As for the perception of increased speed, many refinements and optimizations to Mac OS X as a whole contribute a lot towards that. However, within a few months, I believe users will notice vast speed improvements as third-party developers update their applications to take advantage of new “under-the-hood” technologies in Snow Leopard. Chiefly I am talking about Grand Central Dispatch and OpenCL.

Grand Central Dispatch will allow developers to easily split up tasks in their apps between the different processing cores in our modern-day Macs. This was achievable in Leopard, but it was extremely difficult. Now this can be achieved much easier now that Apple has laid down a uniform path for all developers.

OpenCL allows developers to access the extreme processing power that is often idle in our graphic processors. Applications that require a lot of computational processing power will now be able to call upon the GPU to churn through data faster.
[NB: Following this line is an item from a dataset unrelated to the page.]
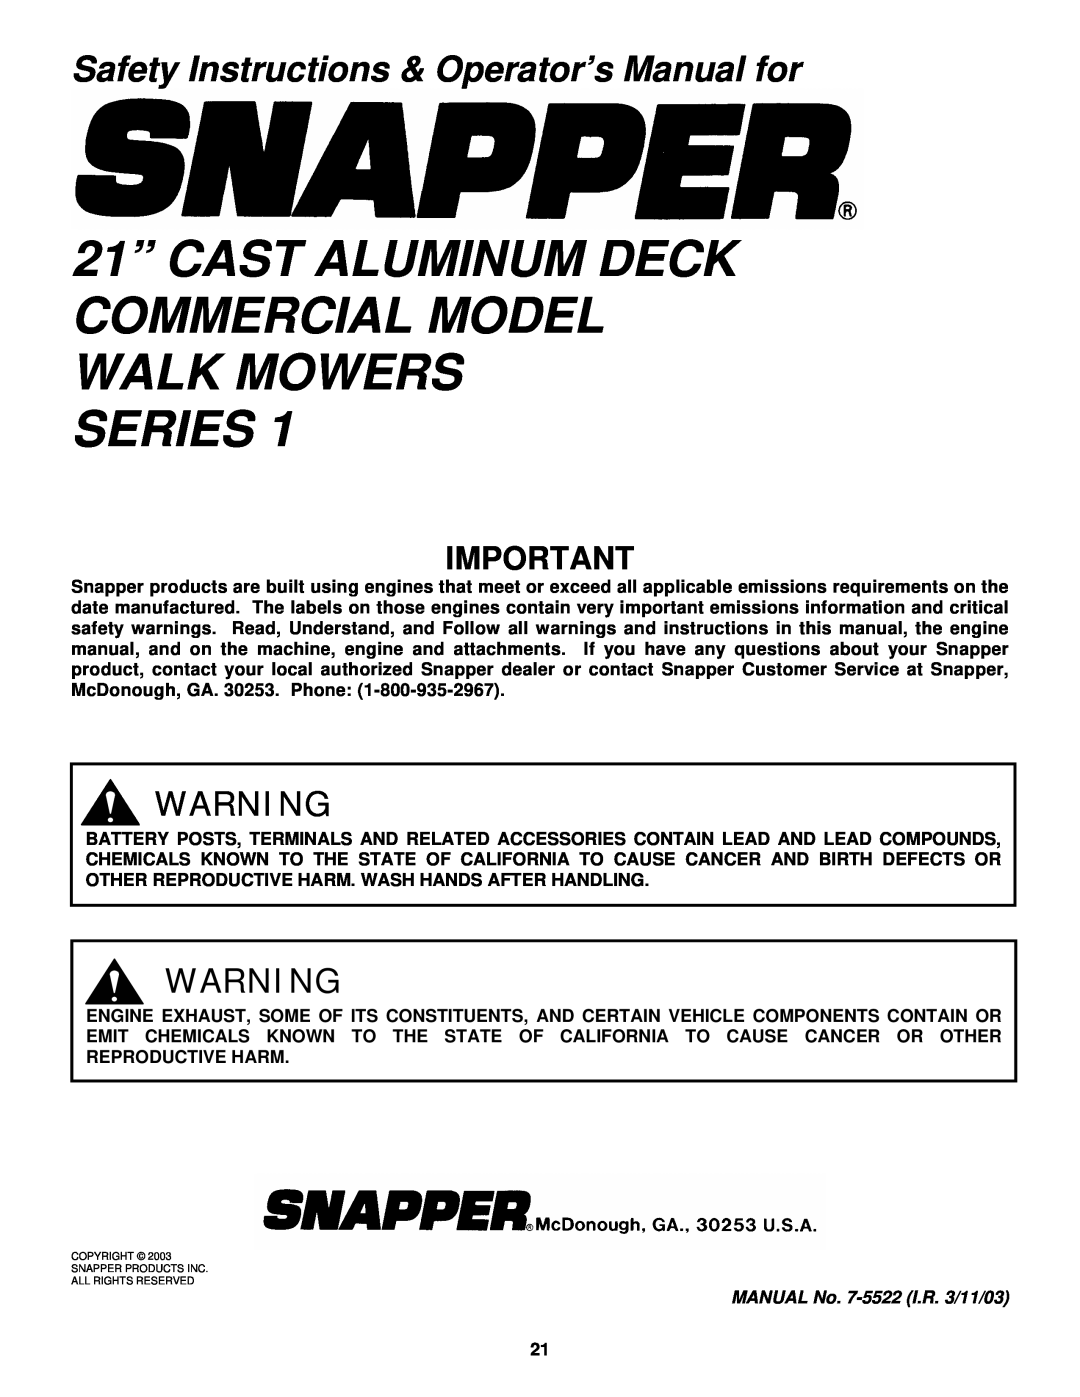 Snapper ECLP21 551HV important safety instructions 21” CAST ALUMINUM DECK COMMERCIAL MODEL WALK MOWERS SERIES

I imagine in the near future, apps such as Photoshop will take advantage of this and be able to complete tasks like PhotoMerge much faster.
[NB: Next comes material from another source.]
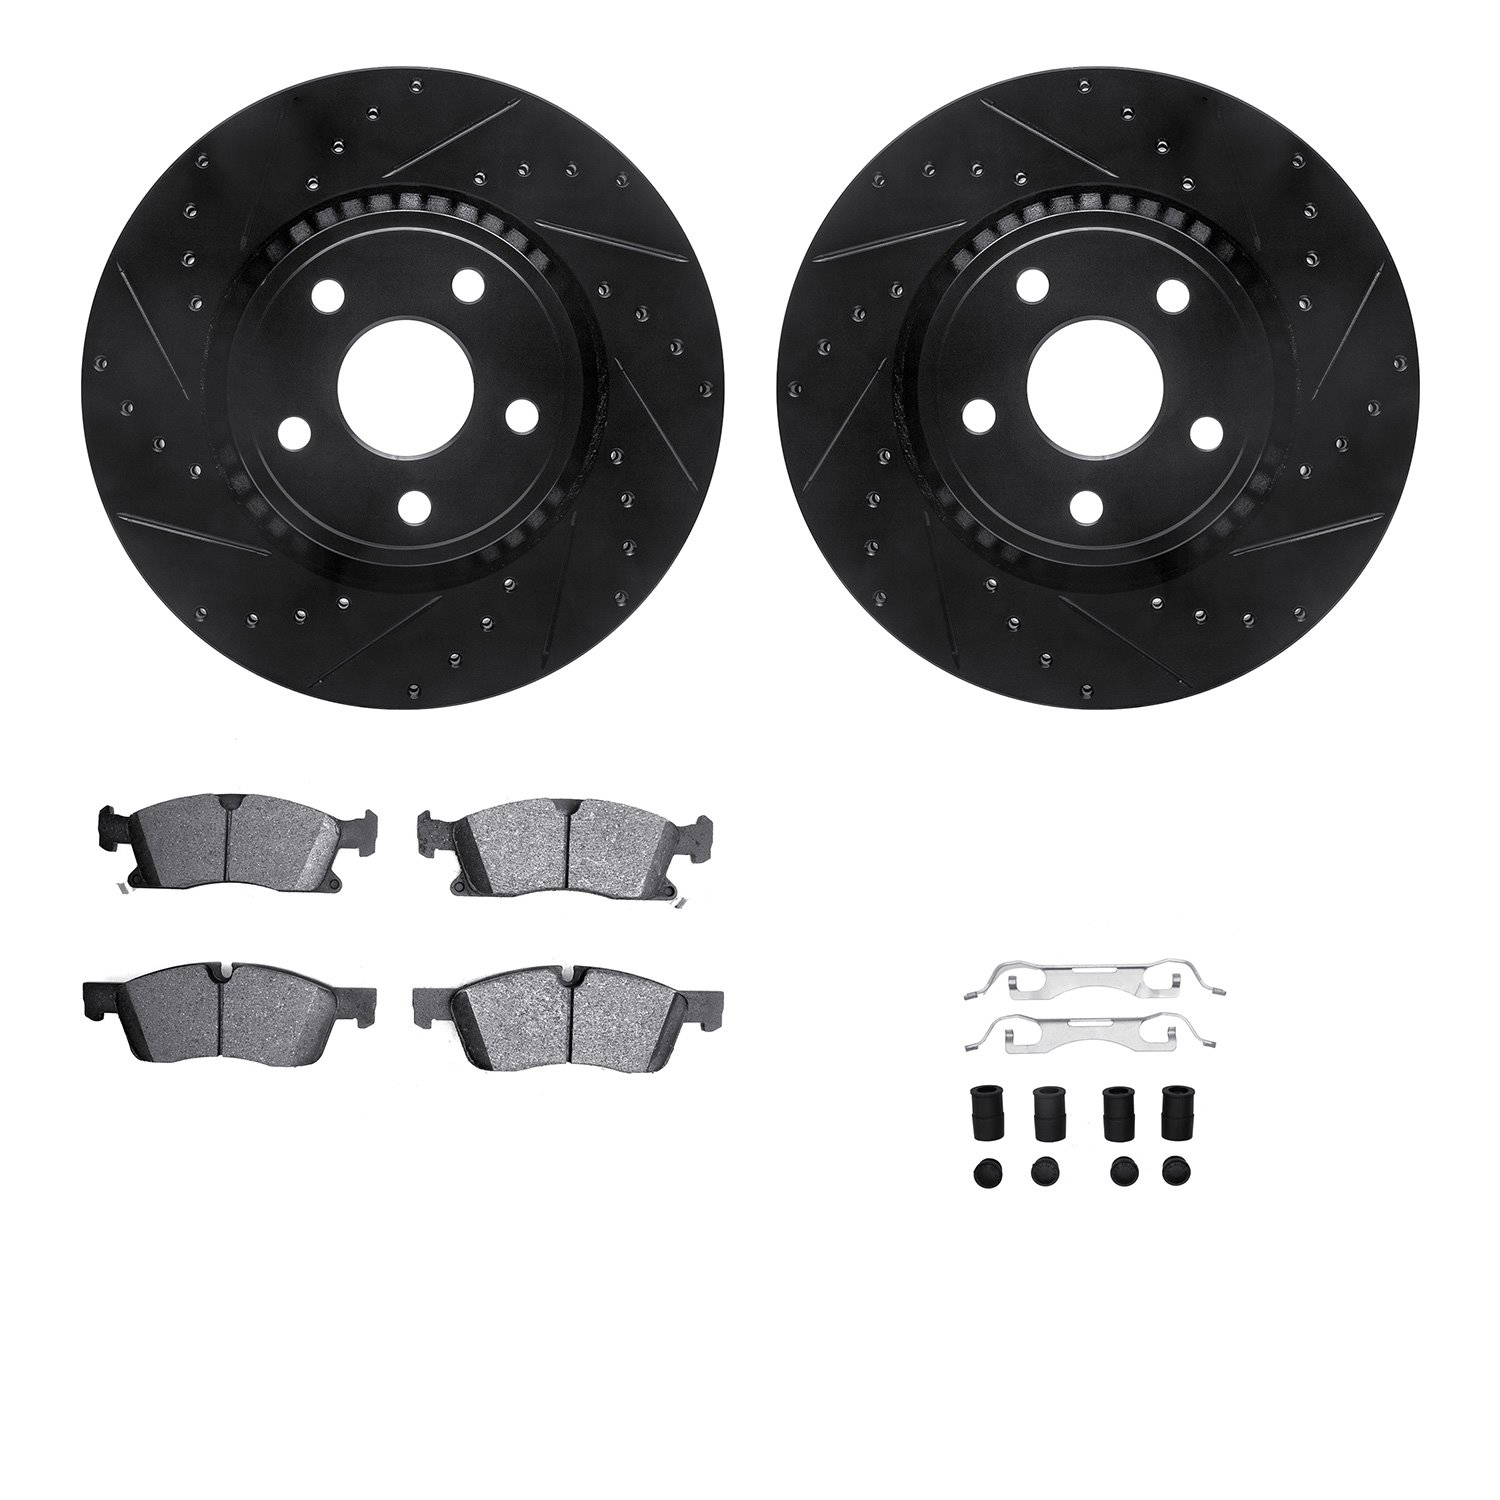 8412-42009 Drilled/Slotted Brake Rotors with Ultimate-Duty Brake Pads Kit & Hardware [Black], Fits Select Mopar, Position: Front

As for the reliability of Mac OS X overall, things are very promising. Instead of adding “300+ new features” to OS X like in Leopard, Apple introduced very few features. Instead they went through OS X with a fine tooth comb and did a massive spring cleaning. This is reflected in that many users will regain around 6 or 7 GB of hard drive space (I’ve heard reports of up to 20 GB). Apple threw out a lot of cruft, and good for them. One of those pieces of cruft was support for PowerPC legacy machines. My grandfather is actually affected by this, as he bought an iBook G4 about a month before the Intel MacBook was released to replace it. He is stuck at Leopard unless he buys a new machine. But the last PowerPC Mac was released nearly four years ago. It’s time for OS X to move on.

Conclusions

So far, my Snow Leopard experience has been delightful. Everything is snappier, all of my apps work correctly (as far as I can tell), and I’ve only encountered one slight bug (with the 4-finger Exposé gesture on my MacBook Pro’s trackpad). One flagrant bug. That’s about 39 fewer flagrant bugs than when I went from Tiger to Leopard. The refinements are wonderful. The price tag was perfect. $29. You can’t beat that. If you have Leopard, you’d be silly not to upgrade to Snow Leopard (unless a critical app you use isn’t compatible yet).

Overall, I’m very glad Apple sat this round out for adding loads of new features. I believe Snow Leopard has laid the groundwork for Apple to build an amazing next generation of OS X.